Start of EXTRACTED RECORDS

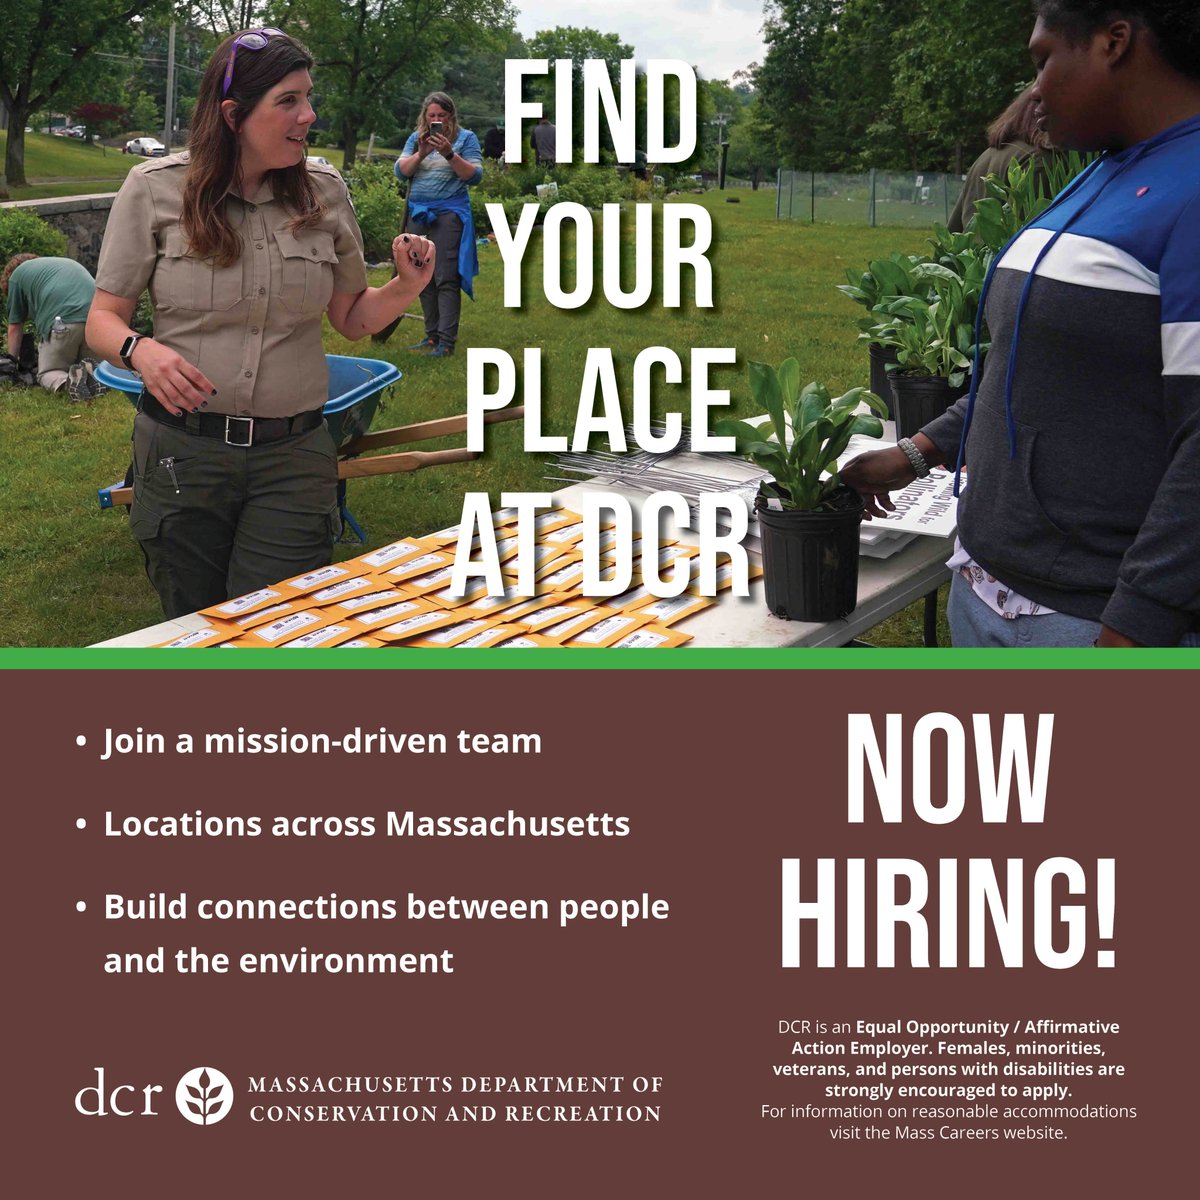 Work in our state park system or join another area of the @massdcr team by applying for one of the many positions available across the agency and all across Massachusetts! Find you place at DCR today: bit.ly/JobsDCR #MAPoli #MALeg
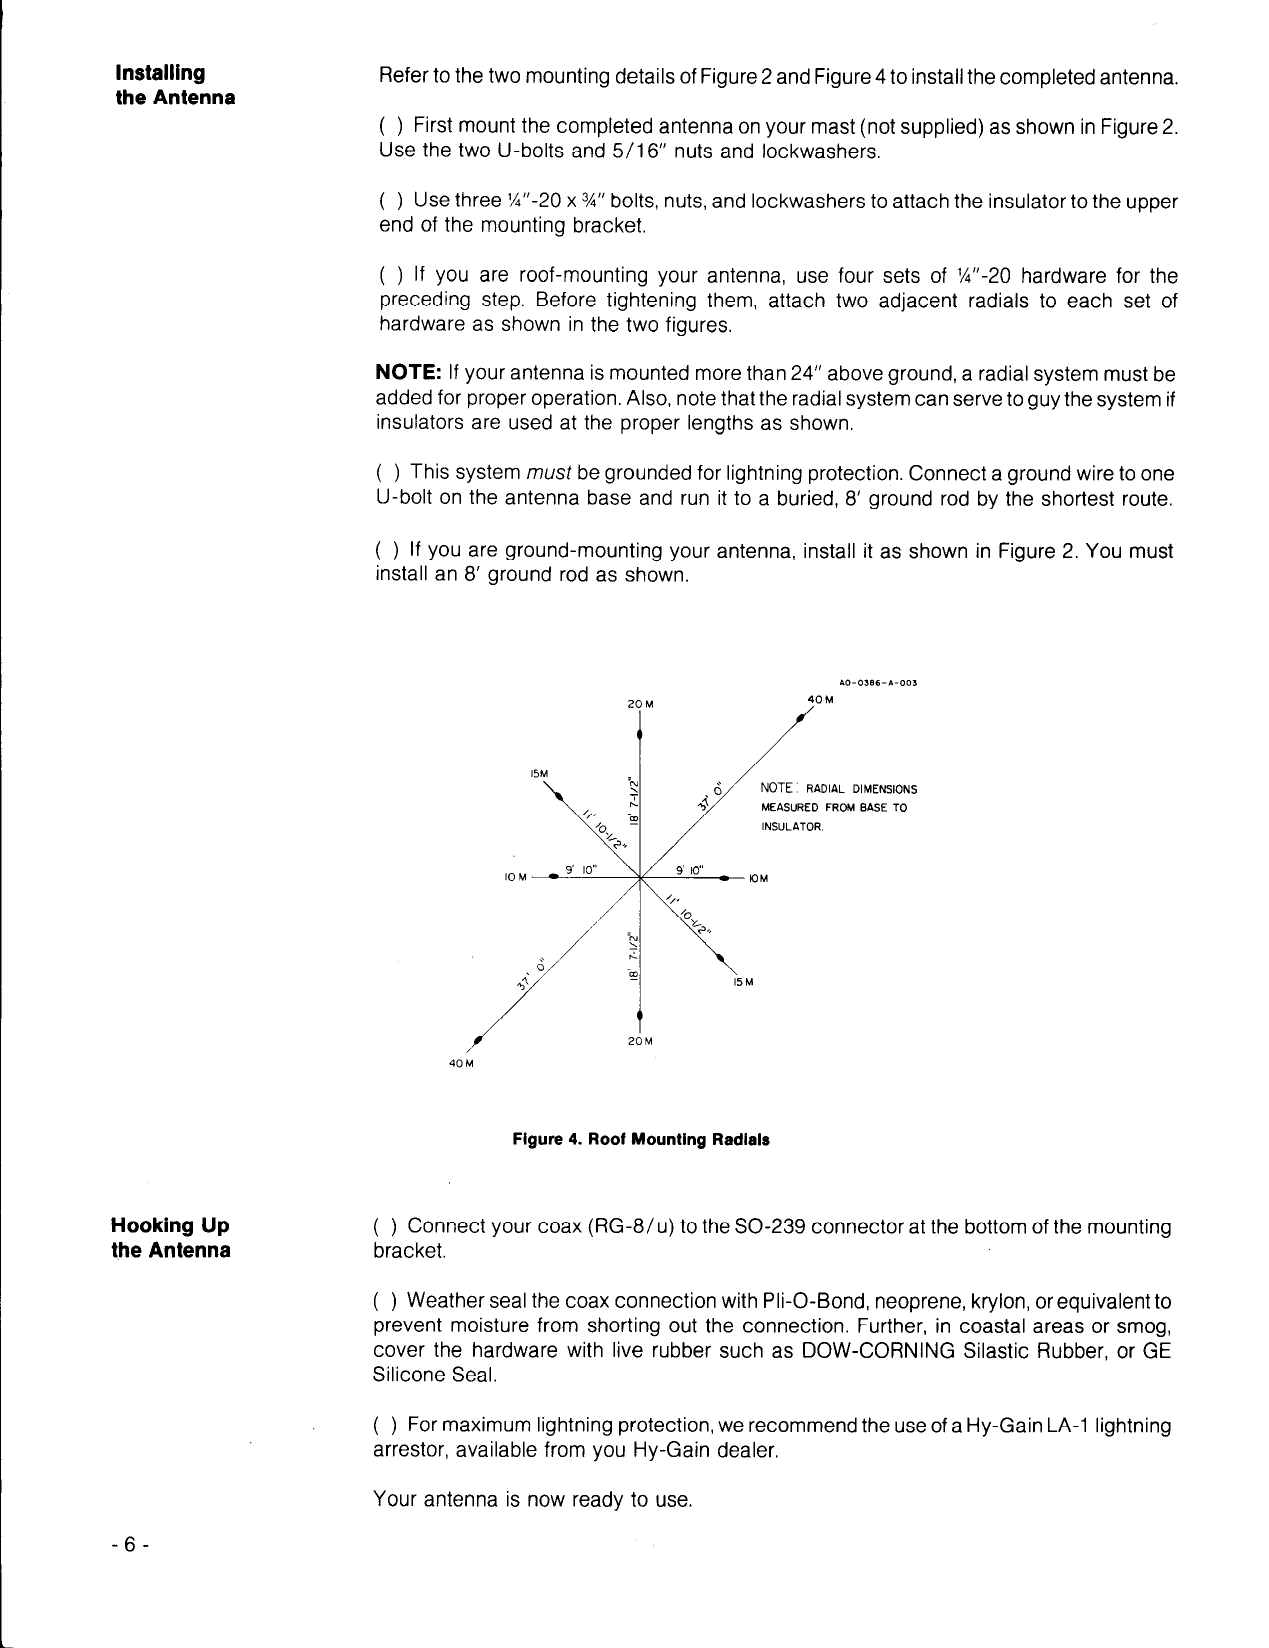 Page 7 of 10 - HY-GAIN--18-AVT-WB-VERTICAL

End of EXTRACTED RECORDS
Start of EXTRACTED RECORDS

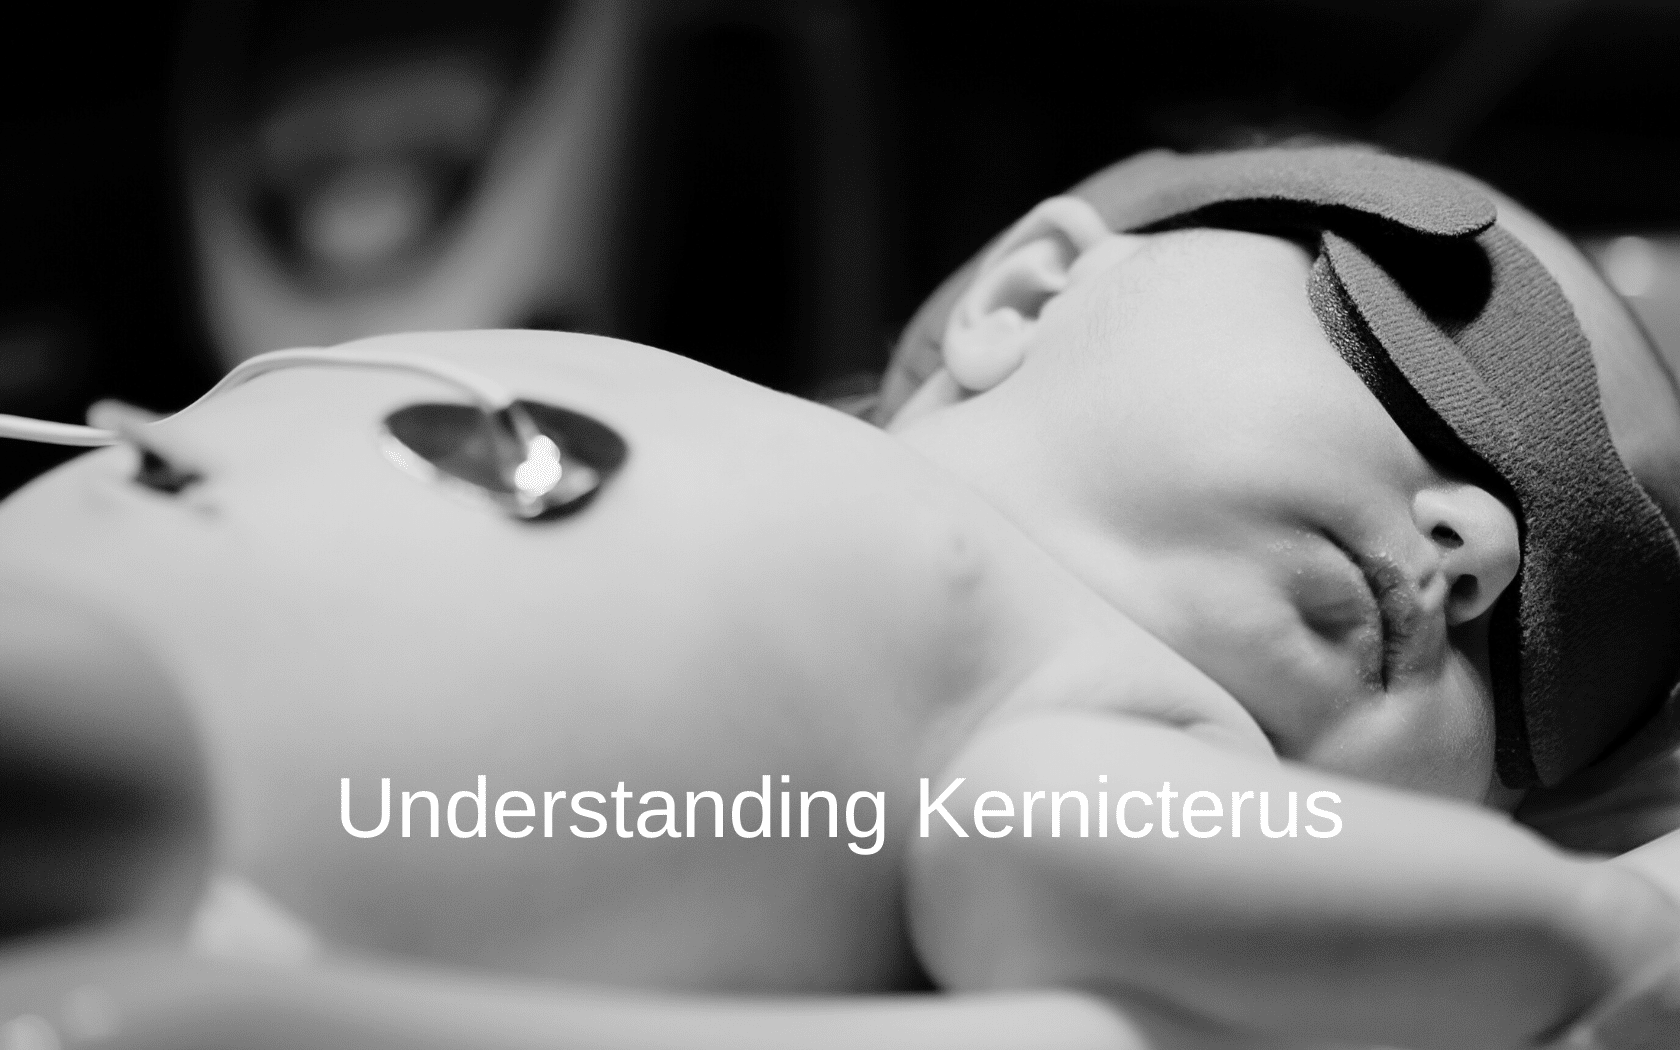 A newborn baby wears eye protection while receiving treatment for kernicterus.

End of EXTRACTED RECORDS
Start of EXTRACTED RECORDS

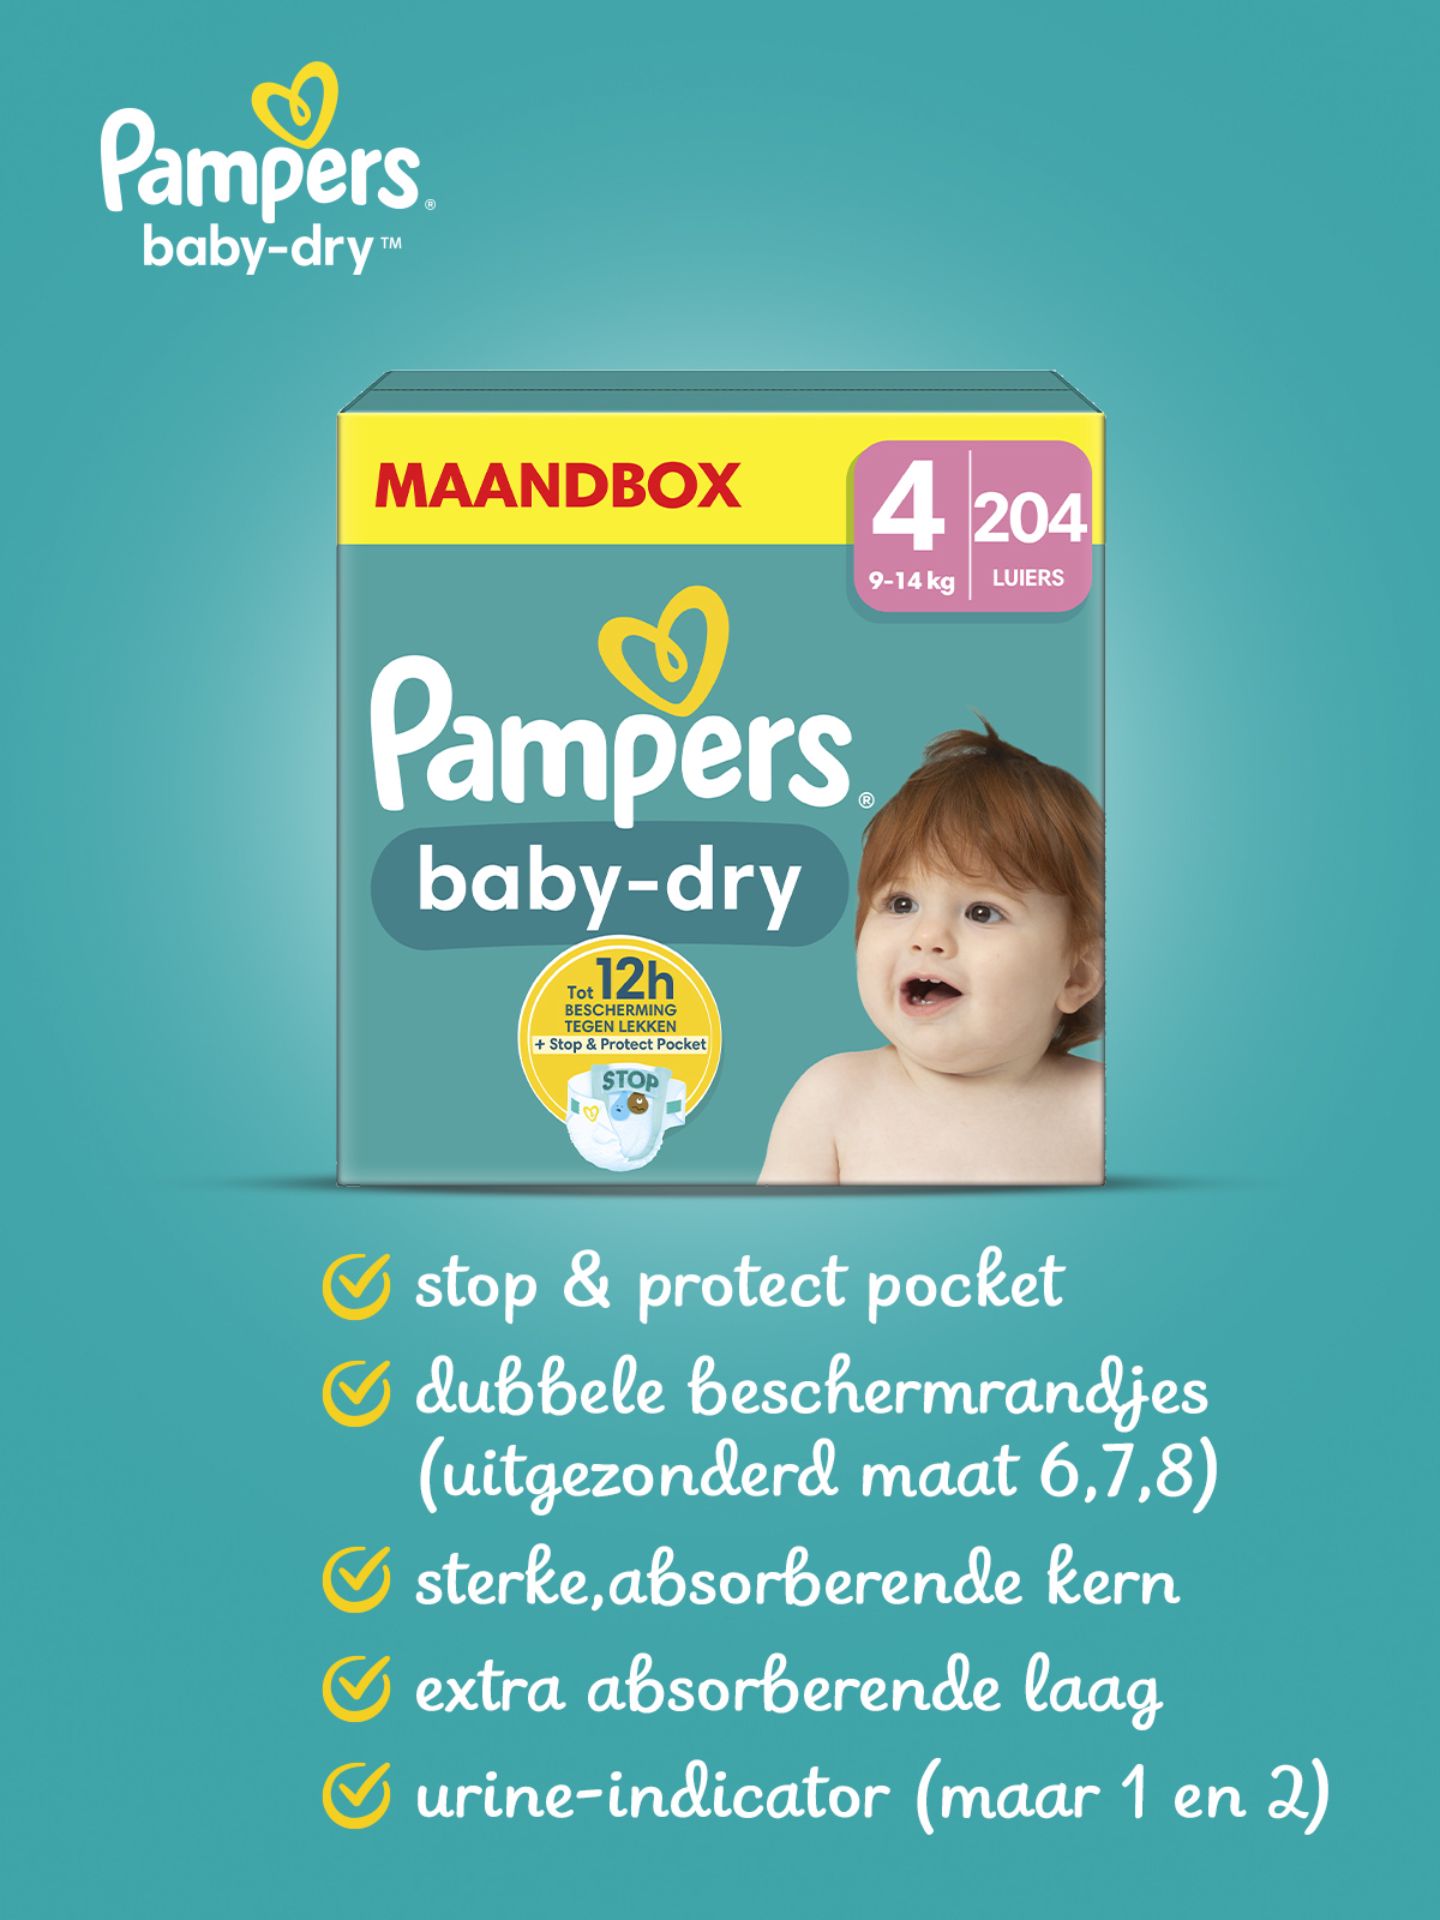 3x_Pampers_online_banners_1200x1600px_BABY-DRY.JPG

End of EXTRACTED RECORDS

— WORK INSTRUCTIONS —
Once the line with "Work in our" has been found above, output that line and every later line exactly, stopping after the line with "Page 7 of 10 - HY-GAIN--18-AVT-WB-VERTICAL", and omit the pictures.

— REPLY TO THE TASK —
 Work in our state park system or join another area of the @massdcr team by applying for one of the many positions available across the agency and all across Massachusetts! Find you place at DCR today: bit.ly/JobsDCR #MAPoli #MALeg
 Page 7 of 10 - HY-GAIN--18-AVT-WB-VERTICAL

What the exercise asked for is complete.